The result of the cross-tabulation
From the output tables, the Chi-square test read a significance level of 0.08325 at 90 percent confidence level. For 90 per cent, significance level is 0.1, that is (1-0.9), so the above result shows that at 0.08 (which is less than 0.1), there is a significant relationship between the two variables. At 95 per cent confidence level, significance level being 0.05, and the above output giving a significance level of 0.08 which is greater than 0.05, there is no relationship between the variables:
If contingency coefficient value is greater than +0.5 then the variables are strongly associated. In the above case the contingency coefficient value being 0.6 which is greater than 0.5, hence the variables are strongly associated.
The asymmetric lambda value (with DRINKCODE dependent) 0.21739 means that 21.7% of error is reduced in predicting brand preference when age is known.
From the above result we can conclude that there is a significant relationship between AGE (independent variable) and BRAND PREFERENCE (dependent variable), of the respondents.

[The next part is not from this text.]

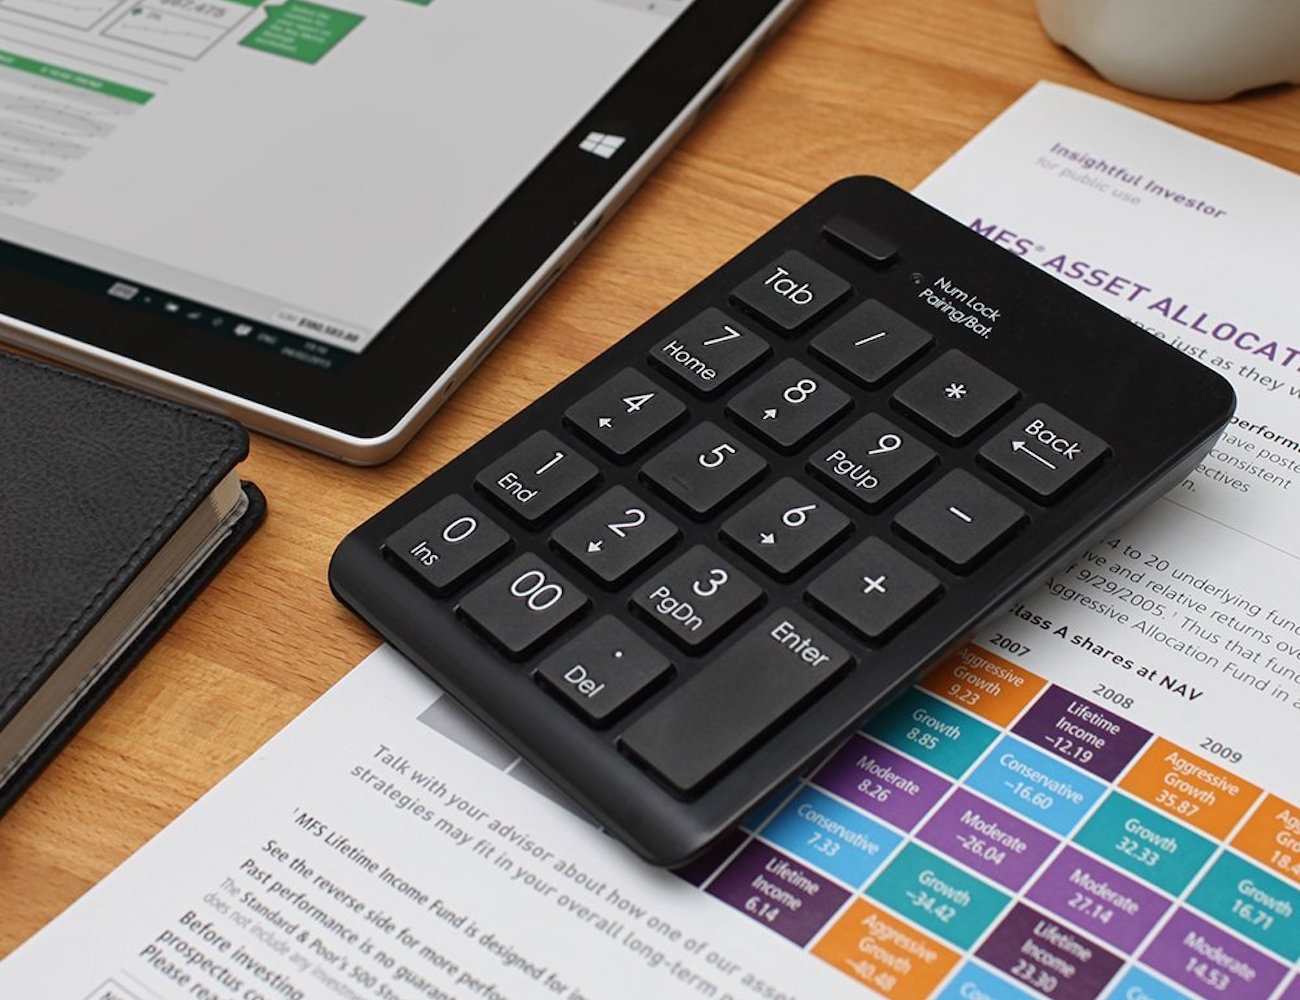 Satechi Bluetooth Wireless williamhill rücktrittskosten williamhill kundenservice email Numeric Keypad

Thus we can conclude that the age of the respondent plays an important role in the purchasing intention of a particular brand of soft drink.
Question
Case 2: Conduct Chi-square test to cross-tabulate and to understand the relationship between the independent and the dependent variable. Also calculate contingency coefficient and the lambda asymmetric coefficient to find the strength of the association between the two variables. Take Sample size as thirty. Analysis of cross-tabulation using SPSS software package would be required.
CASE – 3 Tamarind Menswear
Given below is a preliminary questionnaire for retailers and consumers of a recently launched menswear brand. Can you list down the research objectives for both questionnaire? Can you modify the given questionnaires to a final draft?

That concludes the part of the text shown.